A philanthropist meddles in the lives of newly-married couples in an attempt to relive his past.

2 comments

  • Wealth can be as insidious as addiction, and generosity can often be a bullying act. The Benefactor, originally titled Franny, stars Richard Gere as a philanthropist whose gestures of magnanimity come to resemble a series of suffocations.

    Still reeling from the part he played in causing the car accident that killed his married college friends Bobby and Mia (Dylan Baker and Cheryl Hines), Francis “Franny” Watts has been somewhat of a recluse in the ensuing five years. Self-exiled in a luxury hotel, Franny spends his days in a drug-addled haze, downing the liquid morphine prescribed for his damaged leg. He rouses himself from his stupor upon receiving a call from Olivia (Dakota Fanning), Bobby and Mia’s daughter on whom he doted as if she were his own.

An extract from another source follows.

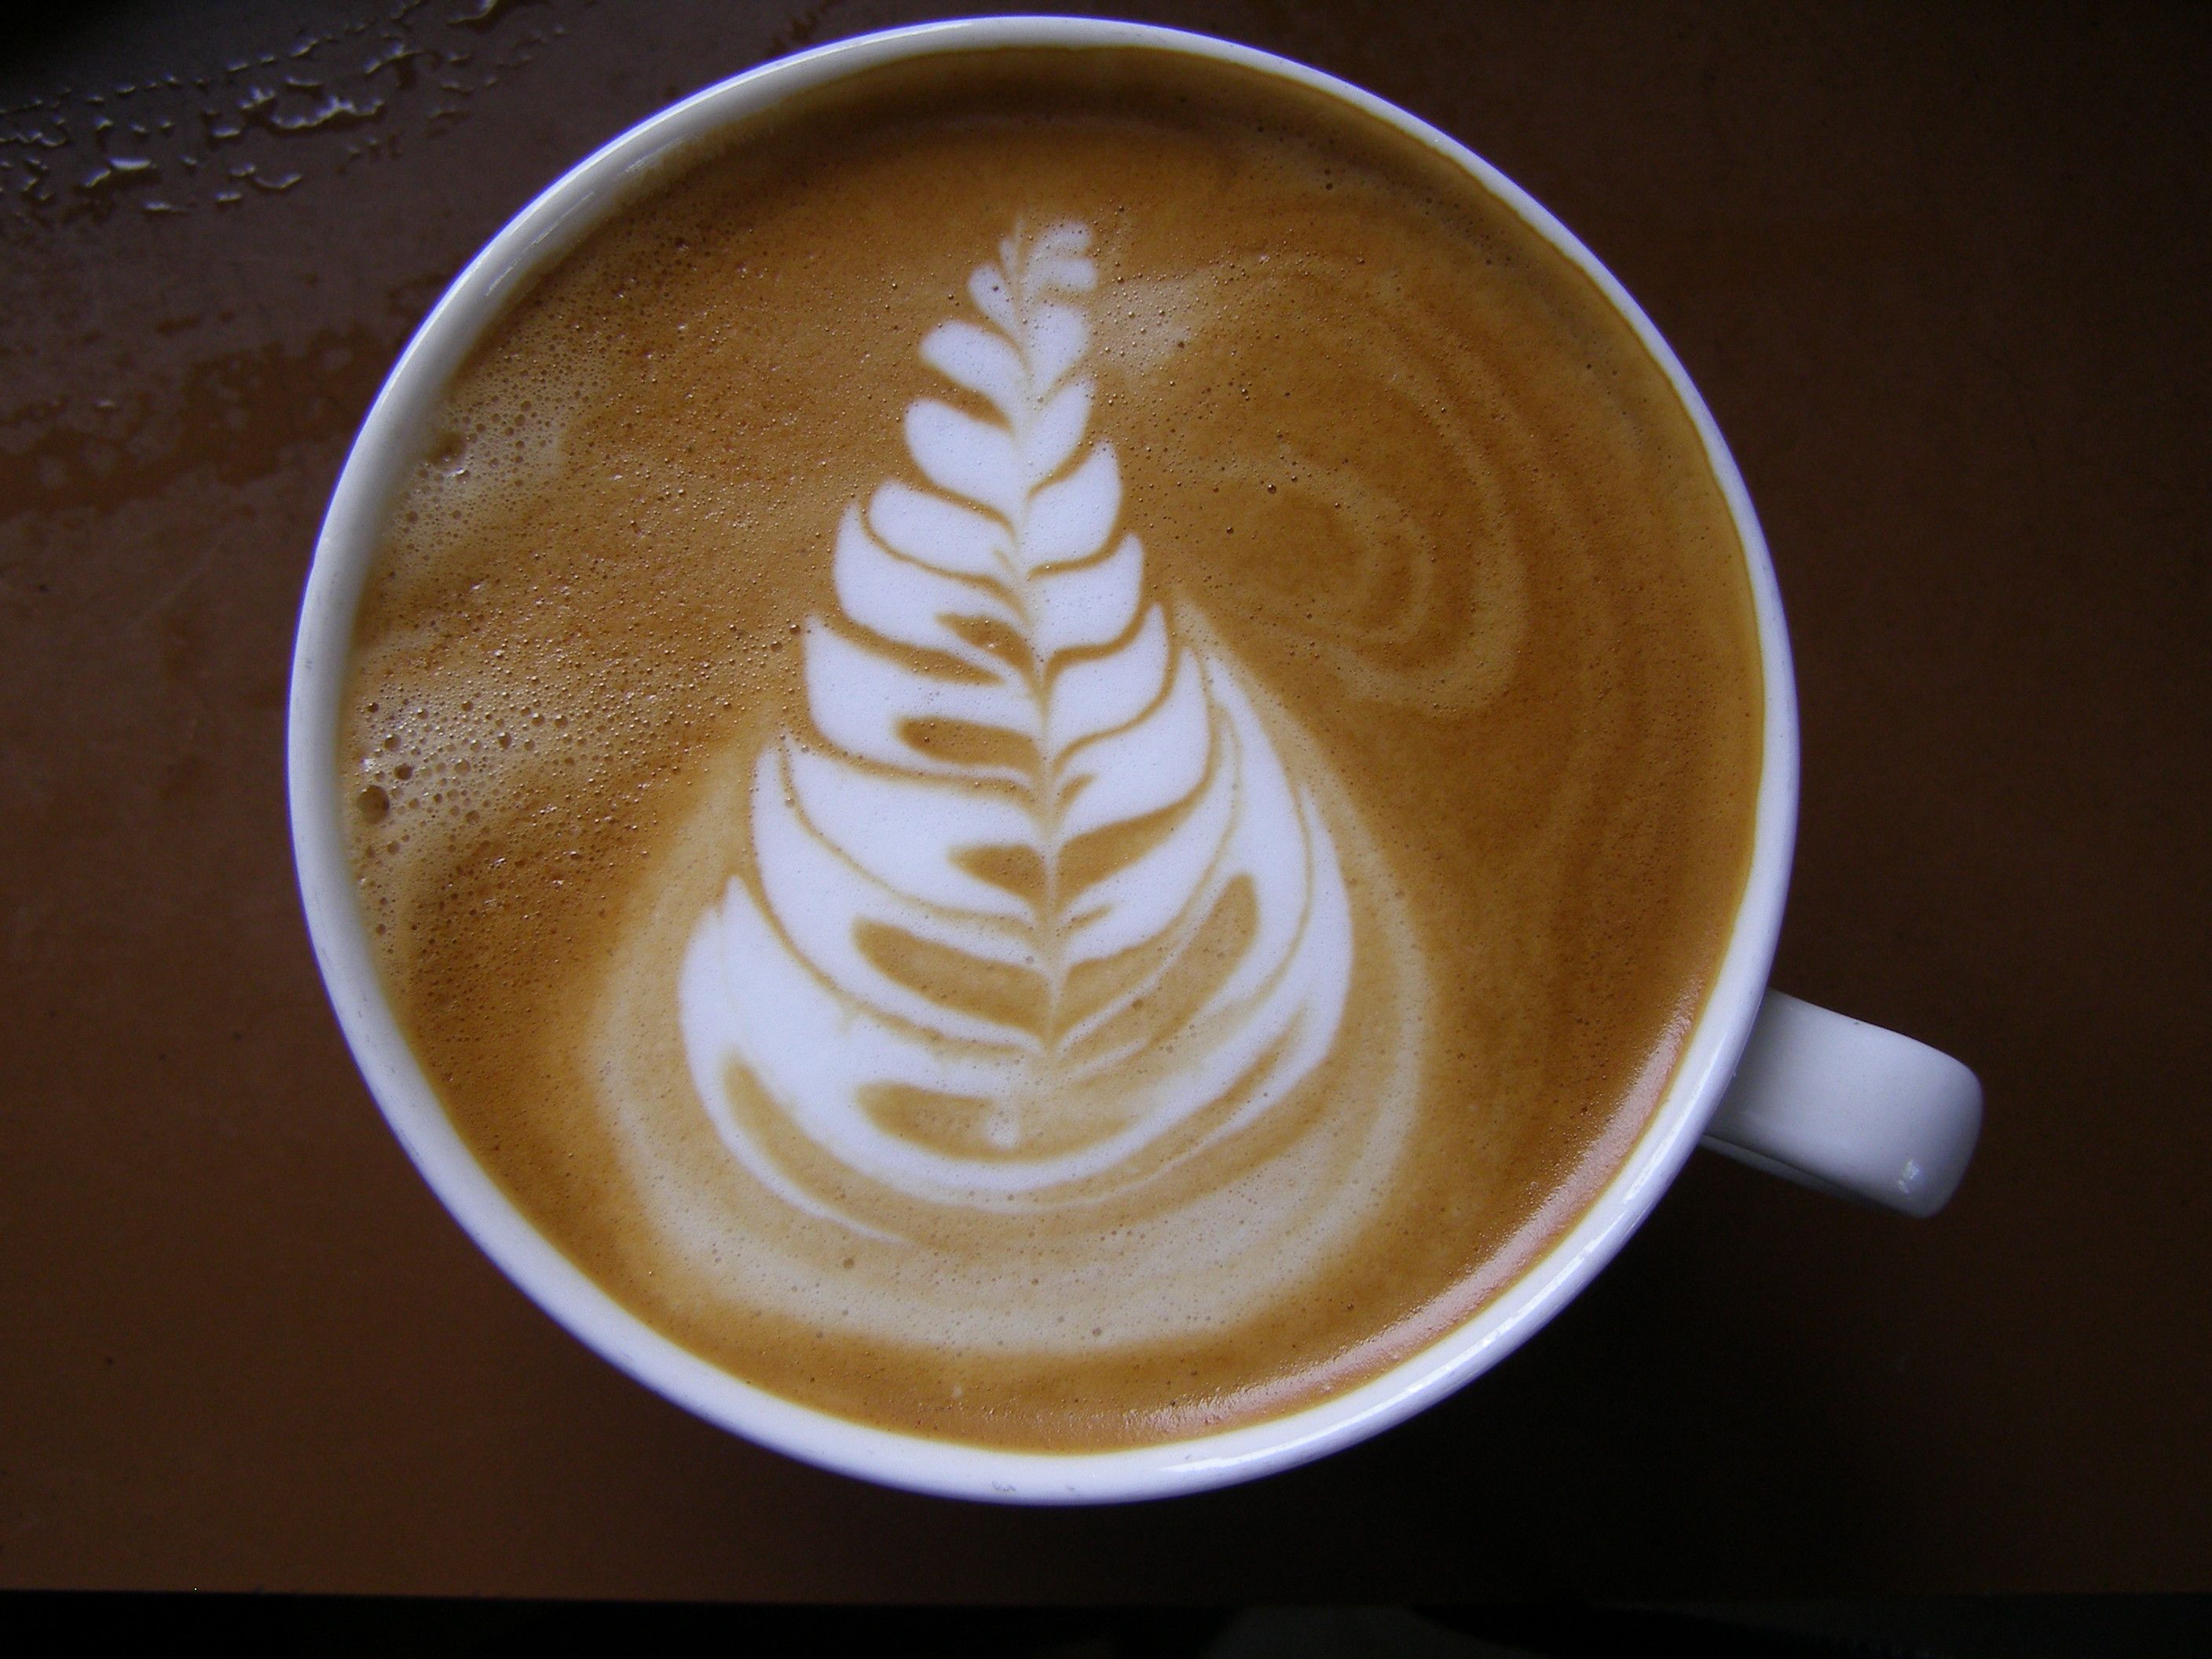 minesalatte - en güzel latte artlar

    Olivia announces her marriage, pregnancy, and intention to return back home to Philadelphia. Franny welcomes her with arms wide open, securing a position for her husband Luke (Theo James) at the children’s hospital he built with and for Bobby, buying back Olivia’s childhood home and presenting it as a wedding present for the young couple, and even paying off all of Luke’s student loans. Luke is understandably uneasy though Olivia, partly due to her remorse at leaving Franny alone during his recovery and partly because she wants her baby to know her family in one form or another, is more complacent. “I don’t think we can say no,” she tells Luke. When he protests again, Olivia explains that Franny has always been this way with her parents, who were simply friends and didn’t need anything from Franny.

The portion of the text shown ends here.